The Making of O'Malley is a 1925 American silent drama film directed by Lambert Hillyer and written by Eugene Clifford. The film stars Milton Sills, Dorothy Mackaill, Helen Rowland, Warner Richmond, Thomas Carrigan and Julia Hurley. The film was released on June 28, 1925, by First National Pictures. The Gerald Beaumont short story was also the basis of the 1937 Warner Bros. film The Great O'Malley, directed by William Dieterle and starring Pat O'Brien and Humphrey Bogart.

==Plot==
As described in a film magazine review, Lucille tires of her time as a young society woman and takes a position in the public schools. She requests aid in capturing a band of bootleggers. Policeman O'Malley is sent with orders to obey Lucille. O'Malley makes friends with Margie, a crippled child, whose father is in prison because O'Malley arrested him. O'Malley obtains a pardon for this man.
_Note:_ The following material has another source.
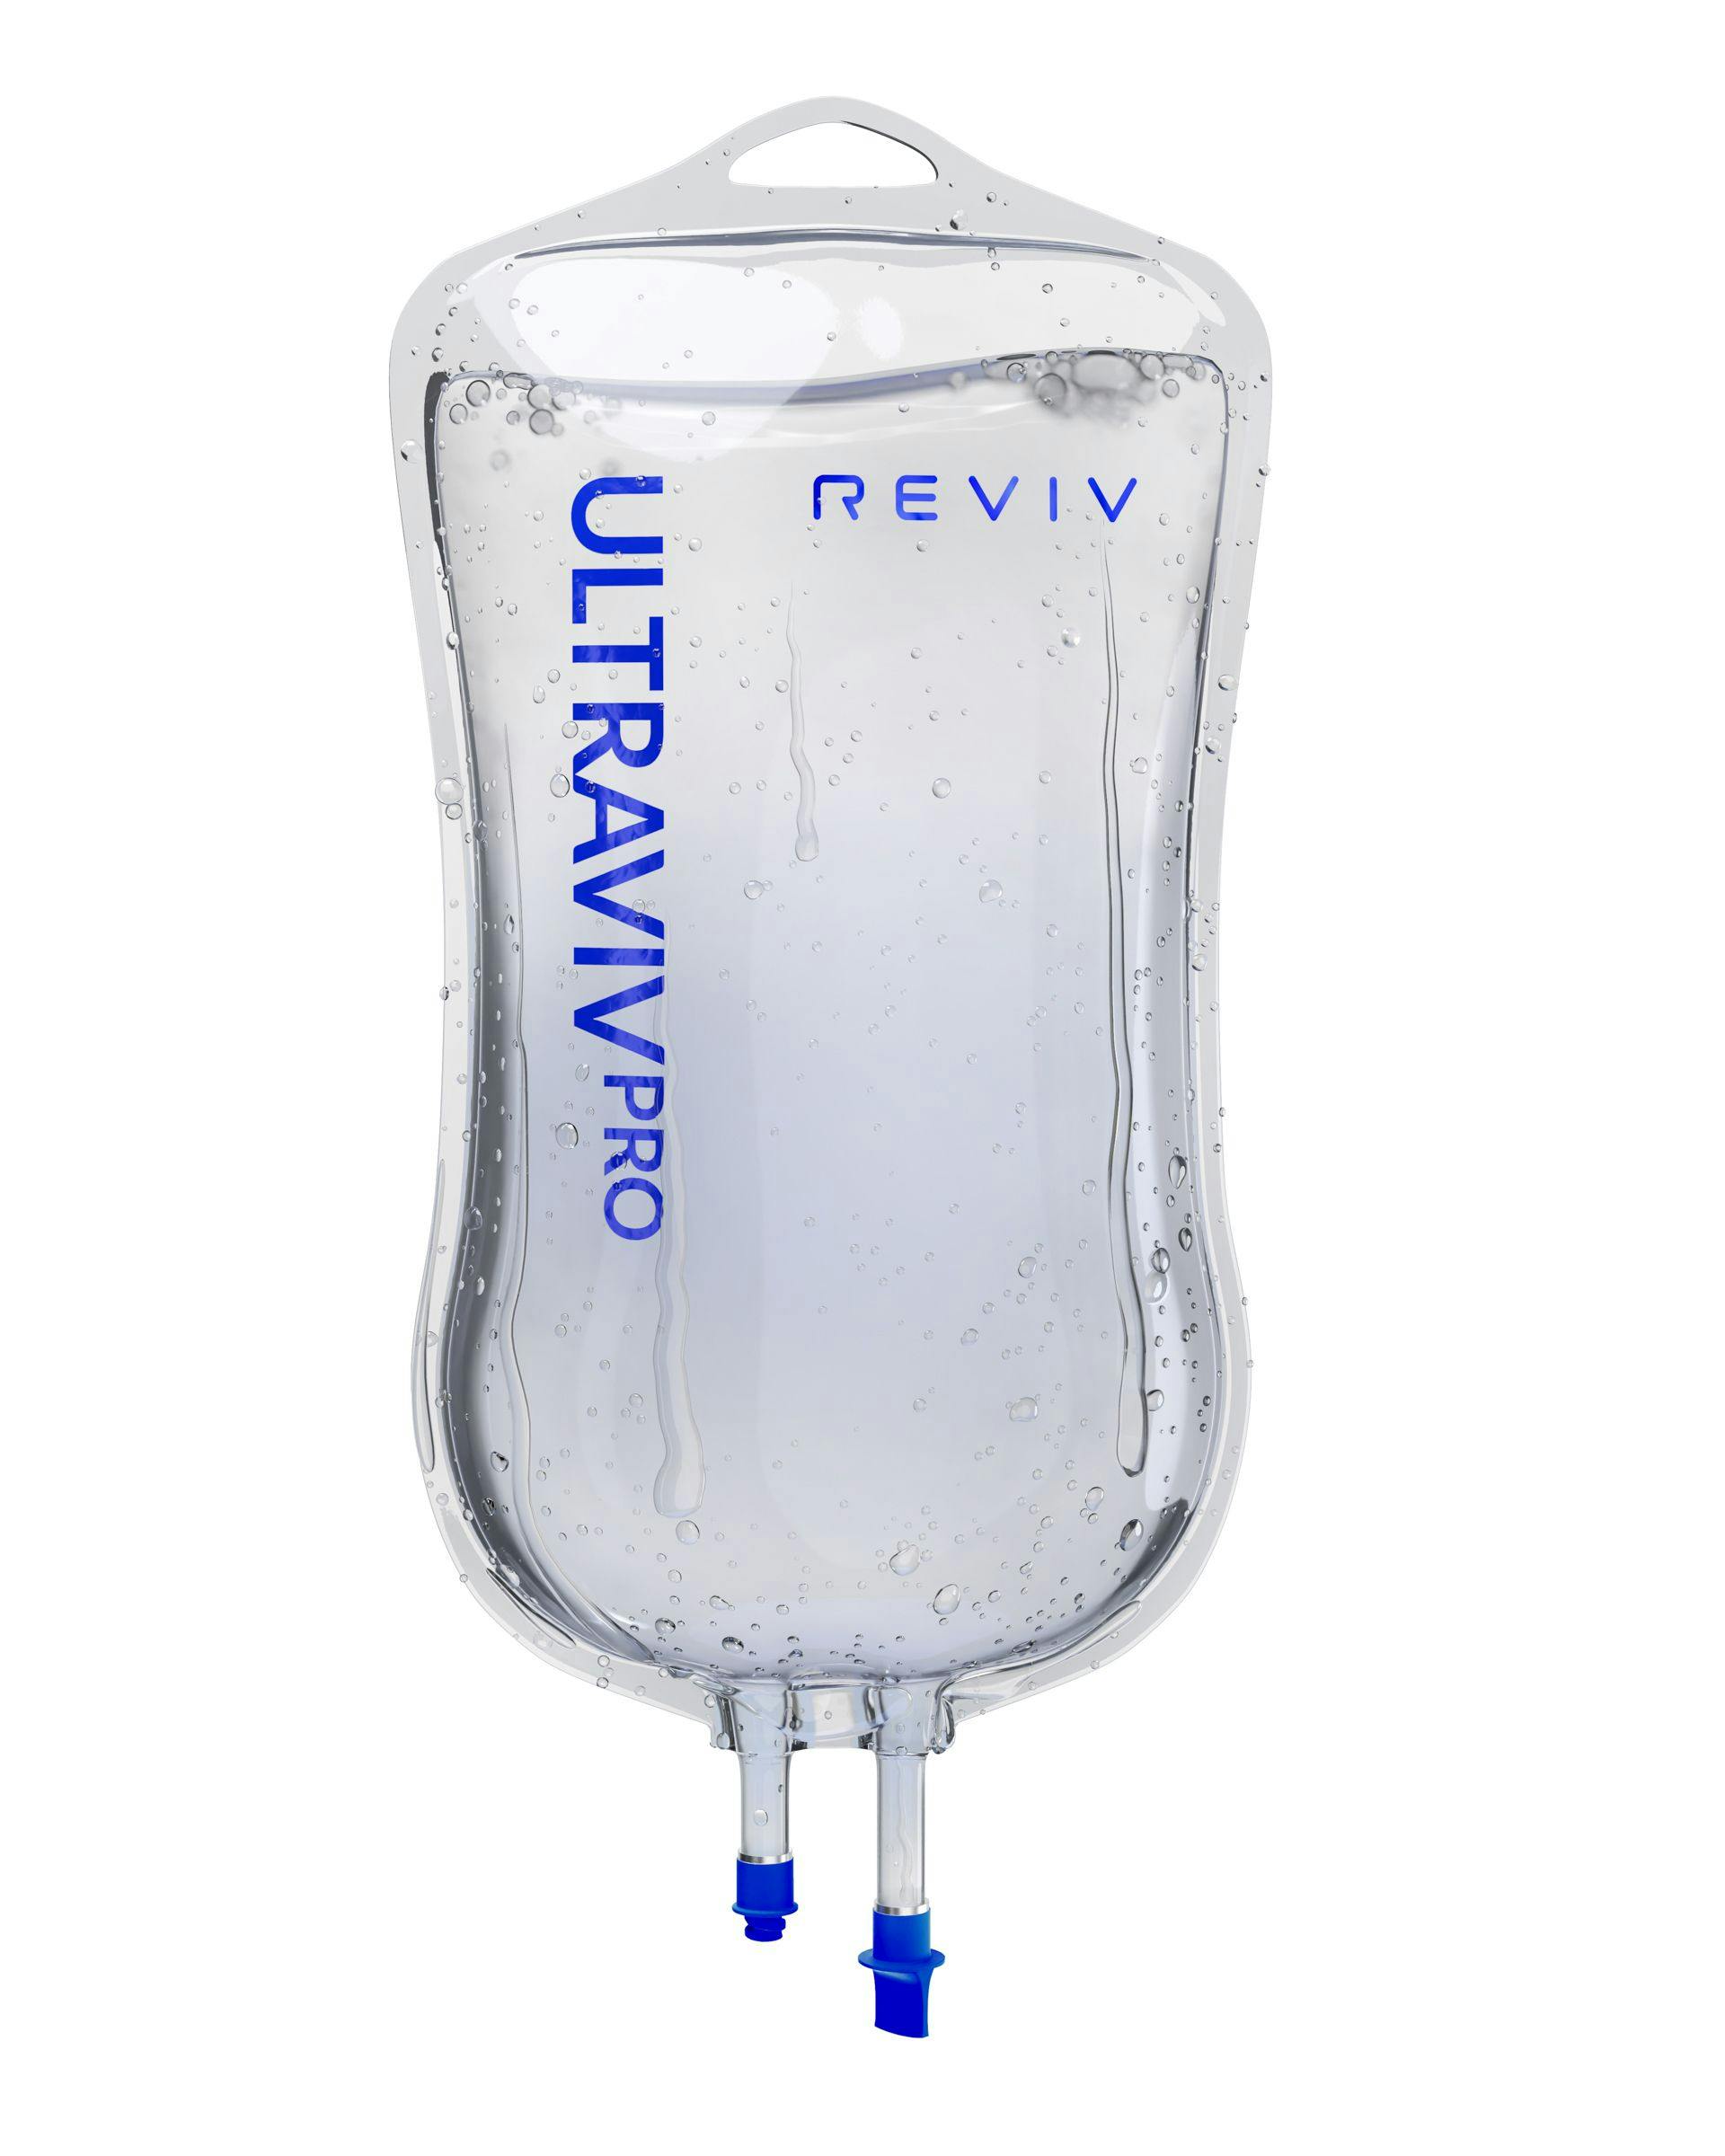 REVIV IV Bag Front Ultraviv Pro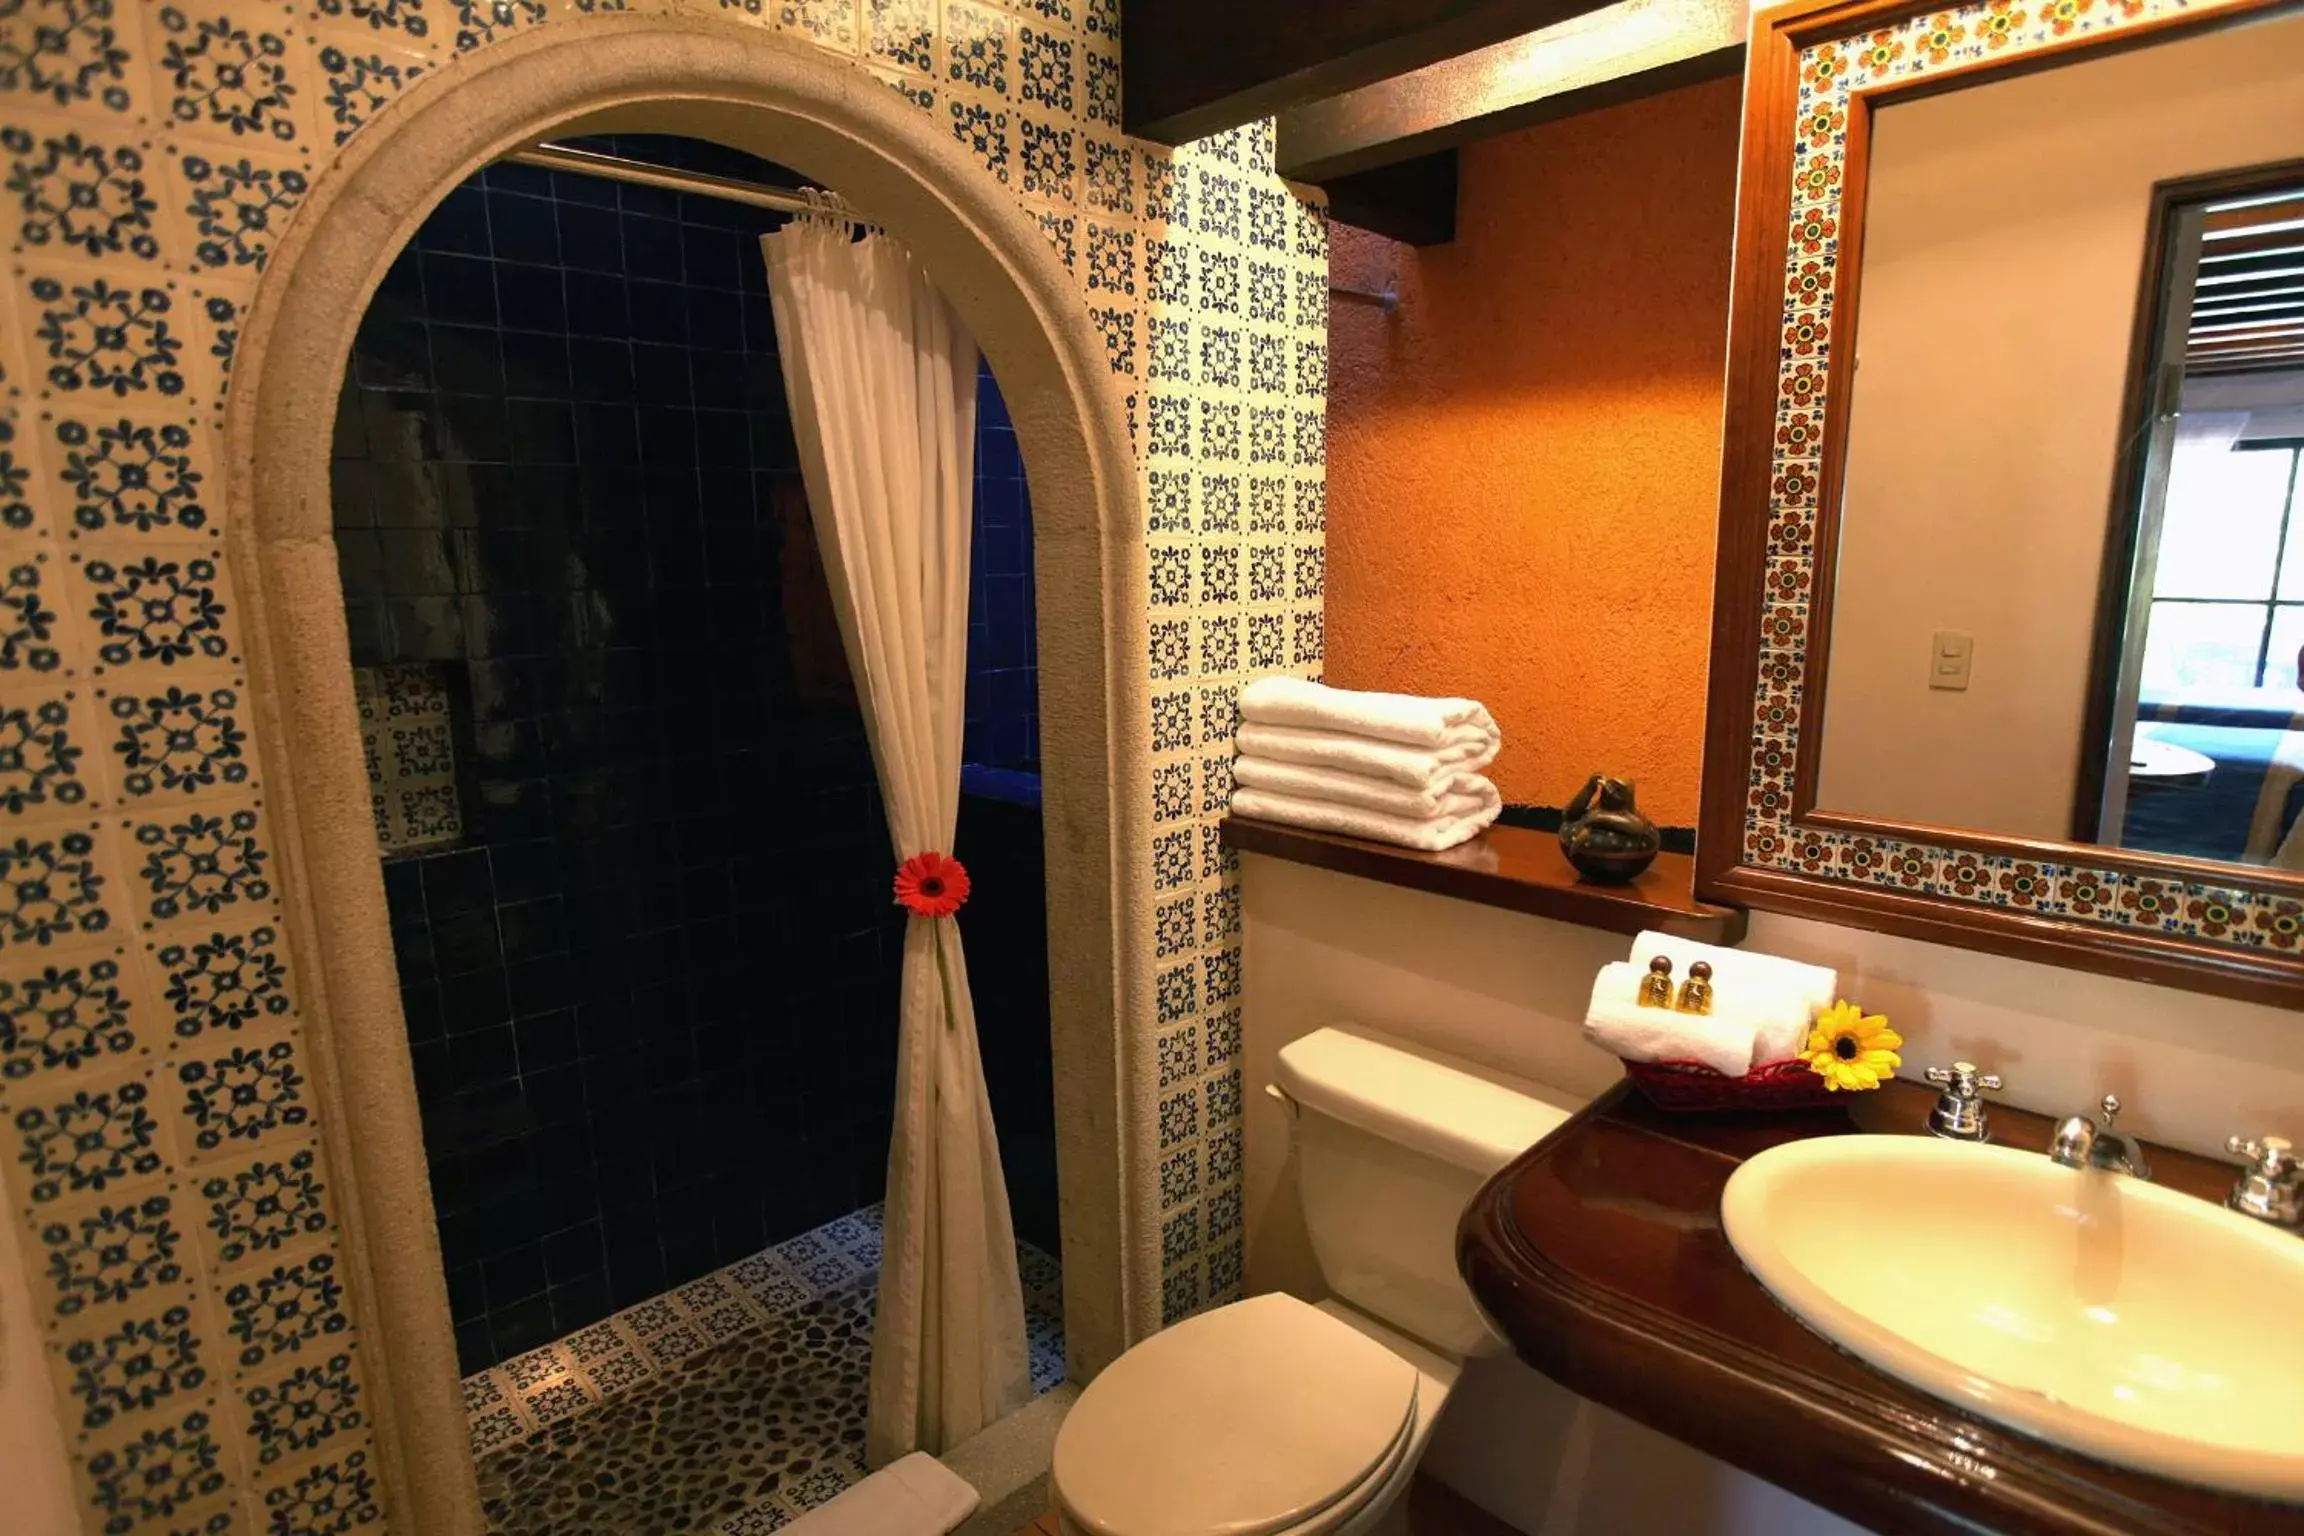 Bathroom in Hotel Lunata - 5th Avenue

Herbert Browne, the head of the bootleggers, is an admirer of Lucille. On the night of a masquerade ball held by Lucille, a raid is made on the band of bootleggers and Browne is found. He knocks O'Malley unconscious. When O'Malley reaches the ball, Browne is there. O'Malley arrests Browne while masking his face, but then releases him when he realizes he is Lucille's sweetheart. As O'Malley leaves the house, he is shot by Danny, whom he had received a pardon for. Danny divulges the name of Browne to the police captain. Realizing the magnamity of O'Malley, Lucille turns to him as the film ends.